Performance comparison on classification and regression tasks across three large-scale datasets. The best results are shown in bold and the second best are underlined. TABLeT shows strong against baselines despite using only 27 tokens per frame.
| Method | UKB Sex | UKB Age | ADHD Diagnosis | ||||||
|---|---|---|---|---|---|---|---|---|---|
| ACC | AUC | F1 | MSE | MAE | ρ | ACC | AUC | F1 | |
| XGBoost | 84.1 | 0.916 | 0.830 | 0.698 | 0.686 | 0.553 | 62.3 | 0.650 | 0.555 |
| BrainNetCNN | 91.7 | 0.969 | 0.912 | 0.597 | 0.618 | 0.647 | 59.2 | 0.640 | 0.545 |
| BNT | 92.4 | 0.980 | 0.919 | 0.540 | 0.588 | 0.685 | 63.6 | 0.677 | 0.624 |
| meanMLP | 87.7 | 0.949 | 0.919 | 0.672 | 0.662 | 0.586 | 56.8 | 0.617 | 0.532 |
| Brain-JEPA† | 86.8 | 0.943 | 0.862 | 0.688 | 0.669 | 0.574 | – | – | – |
| TFF (T=20) | 98.3 | 0.998 | 0.982 | 0.440 | 0.525 | 0.760 | 63.3 | 0.700 | 0.608 |
| SwiFT (T=20) | 97.4 | 0.998 | 0.972 | 0.366 | 0.480 | 0.800 | 63.3 | 0.693 | 0.623 |
| SwiFT (T=50) | 98.1 | 0.999 | 0.980 | 0.364 | 0.477 | 0.802 | 63.9 | 0.701 | 0.627 |
| TABLeT (T=256) | 97.7 | 0.998 | 0.976 | 0.340 | 0.466 | 0.814 | 65.8 | 0.729 | 0.630 |
†Since the ADHD-200 dataset contains fMRI data with varying repetition time (TR) values and fewer than 160 frames, the default Brain-JEPA model was not applicable.

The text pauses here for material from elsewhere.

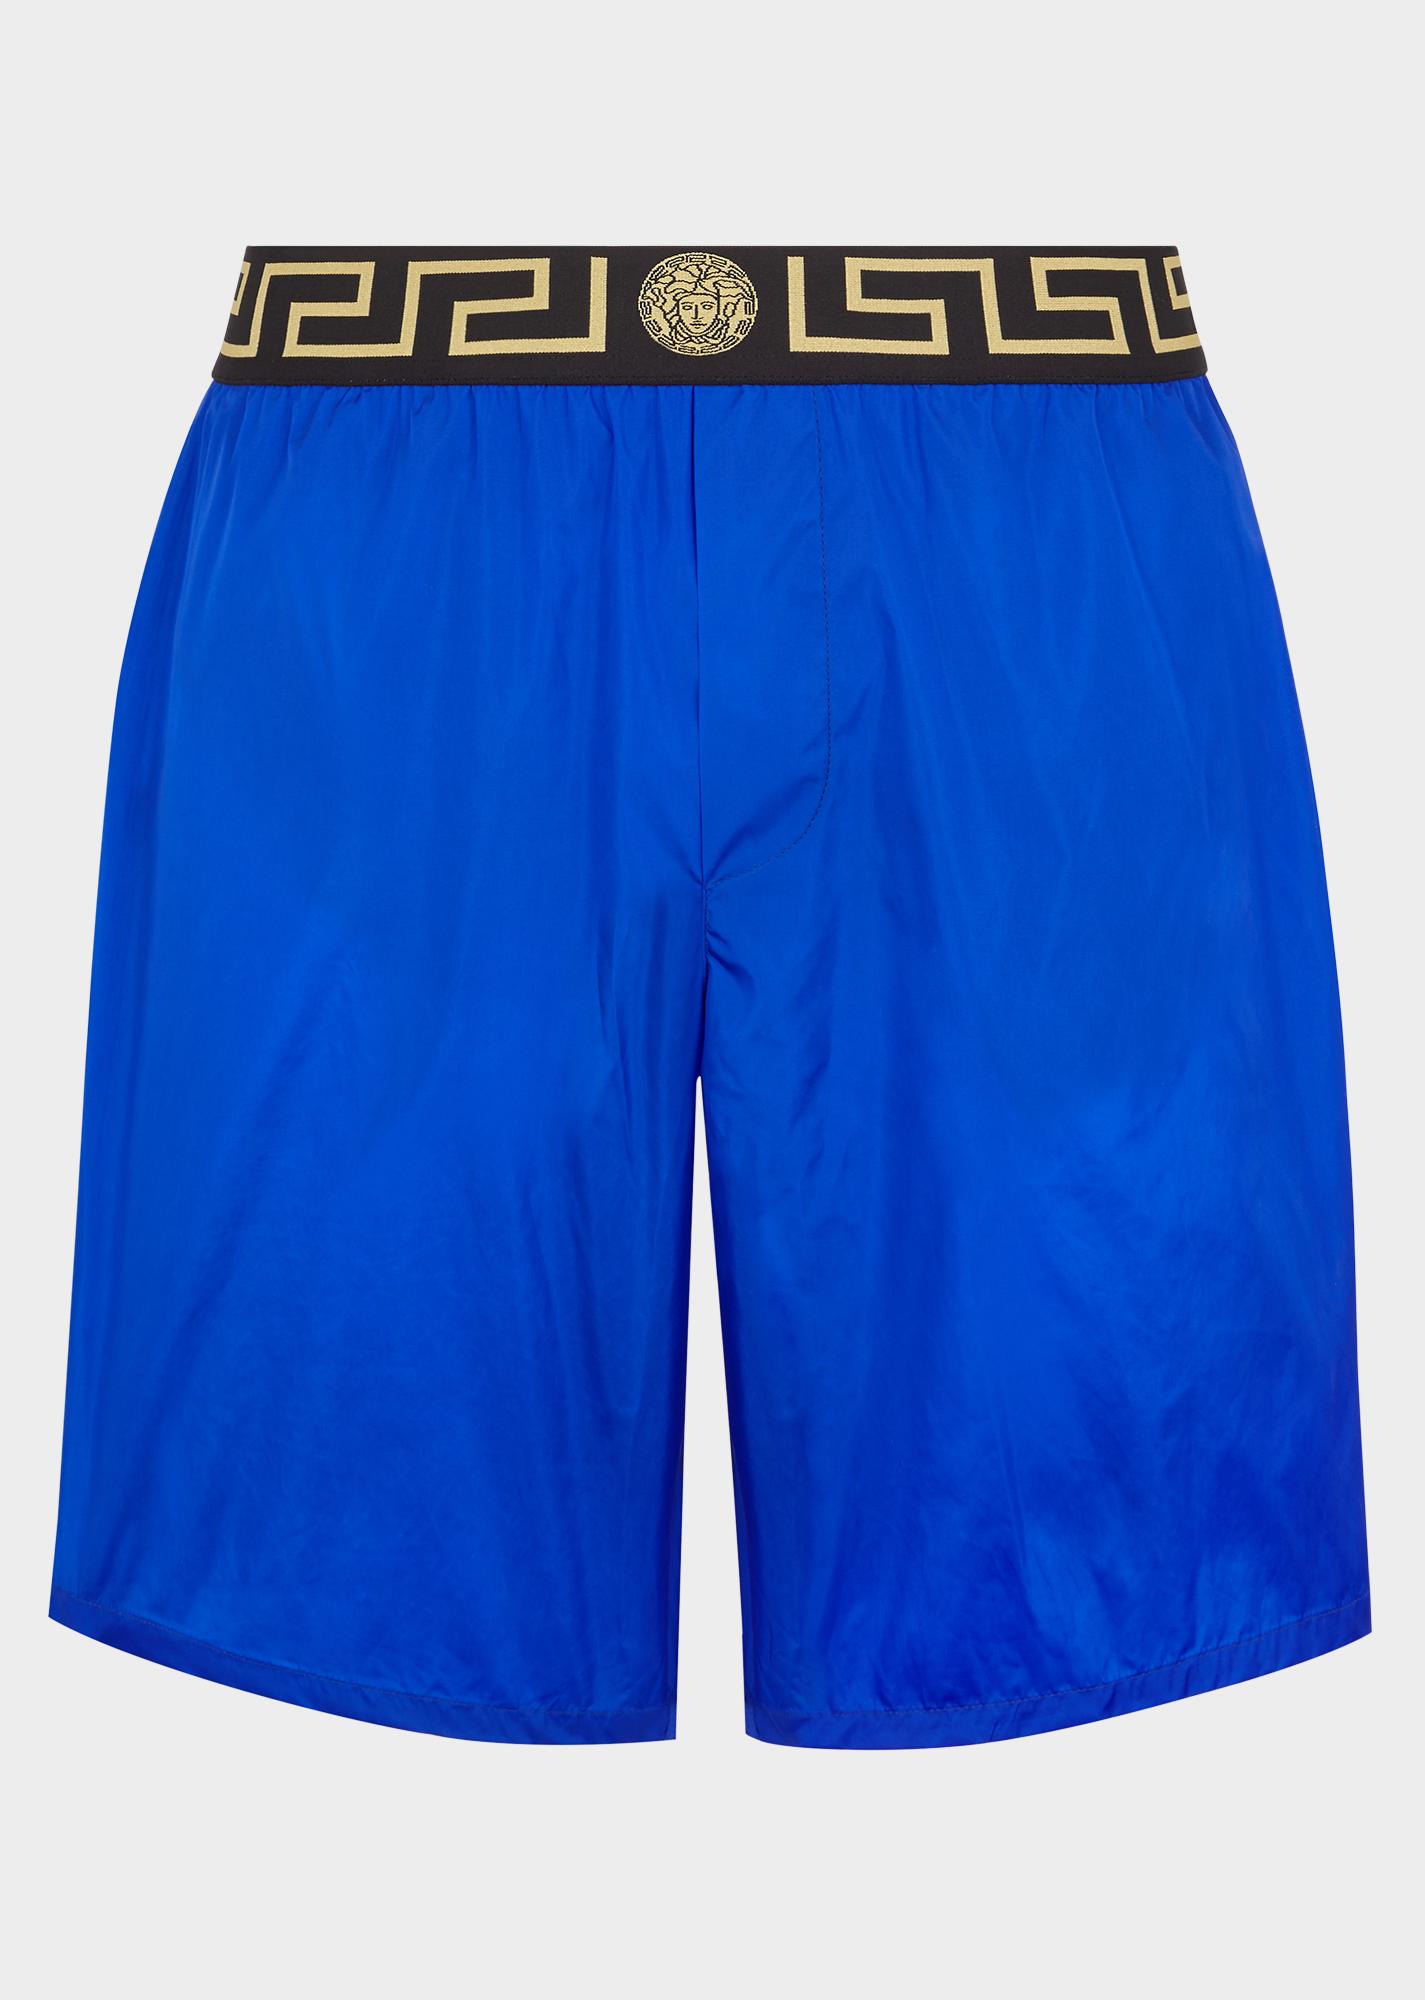 4ea1e711da Medusa And Greek Key Swim Shorts in Blue

| Method | Sex | Age | Intelligence | ||||||
|---|---|---|---|---|---|---|---|---|---|
| ACC | AUC | F1 | MSE | MAE | ρ | MSE | MAE | ρ | |
| XGBoost | 82.2 | 0.890 | 0.837 | 0.859 | 0.769 | 0.296 | 0.908 | 0.779 | 0.292 |
| BrainNetCNN | 86.3 | 0.937 | 0.866 | 0.847 | 0.749 | 0.372 | 0.967 | 0.788 | 0.286 |
| BNT | 86.3 | 0.935 | 0.872 | 0.794 | 0.719 | 0.444 | 0.920 | 0.778 | 0.318 |
| meanMLP | 84.5 | 0.915 | 0.855 | 0.846 | 0.751 | 0.370 | 0.887 | 0.767 | 0.340 |
| Brain-JEPA | 73.9 | 0.809 | 0.761 | 0.814 | 0.746 | 0.369 | 0.959 | 0.799 | 0.171 |
| TFF (T=20) | 88.1 | 0.937 | 0.892 | 0.888 | 0.779 | 0.246 | 0.898 | 0.767 | 0.312 |
| SwiFT (T=20) | 93.1 | 0.978 | 0.937 | 0.776 | 0.719 | 0.450 | 0.940 | 0.782 | 0.297 |
| SwiFT (T=50) | 92.2 | 0.972 | 0.929 | 0.764 | 0.699 | 0.460 | 0.865 | 0.758 | 0.354 |
| TABLeT (T=256) | 93.8 | 0.987 | 0.943 | 0.773 | 0.705 | 0.473 | 0.835 | 0.741 | 0.392 |
We compare the memory and computational efficiency of TABLeT and SwiFT on a single GPU. SwiFT can only run up to T=50 before running out of memory. At T=50, TABLeT is 7.33x more memory efficient and 3.80x faster in training time. With a similar memory budget (~30GB), the temporal window can be extended nearly tenfold: from T=40 for SwiFT to T=384 for TABLeT.
(a) Peak memory allocation
(b) Training time per epoch
A key finding of our work is that an off-the-shelf 2D DCAE pre-trained on natural images performs comparably, or even better than a 3D DCAE trained directly on fMRI data in terms of both reconstruction quality (information preservation) and downstream task performance.
This suggests that a 2D DCAE, pre-trained on massive, diverse natural image datasets, learns highly robust and general-purpose low-level feature extractors that generalize well to medical images without any domain-specific fine-tuning. That is why we chose to use the off-the-shelf 2D DCAE for tokenization in TABLeT, instead of training a custom 3D DCAE on fMRI data.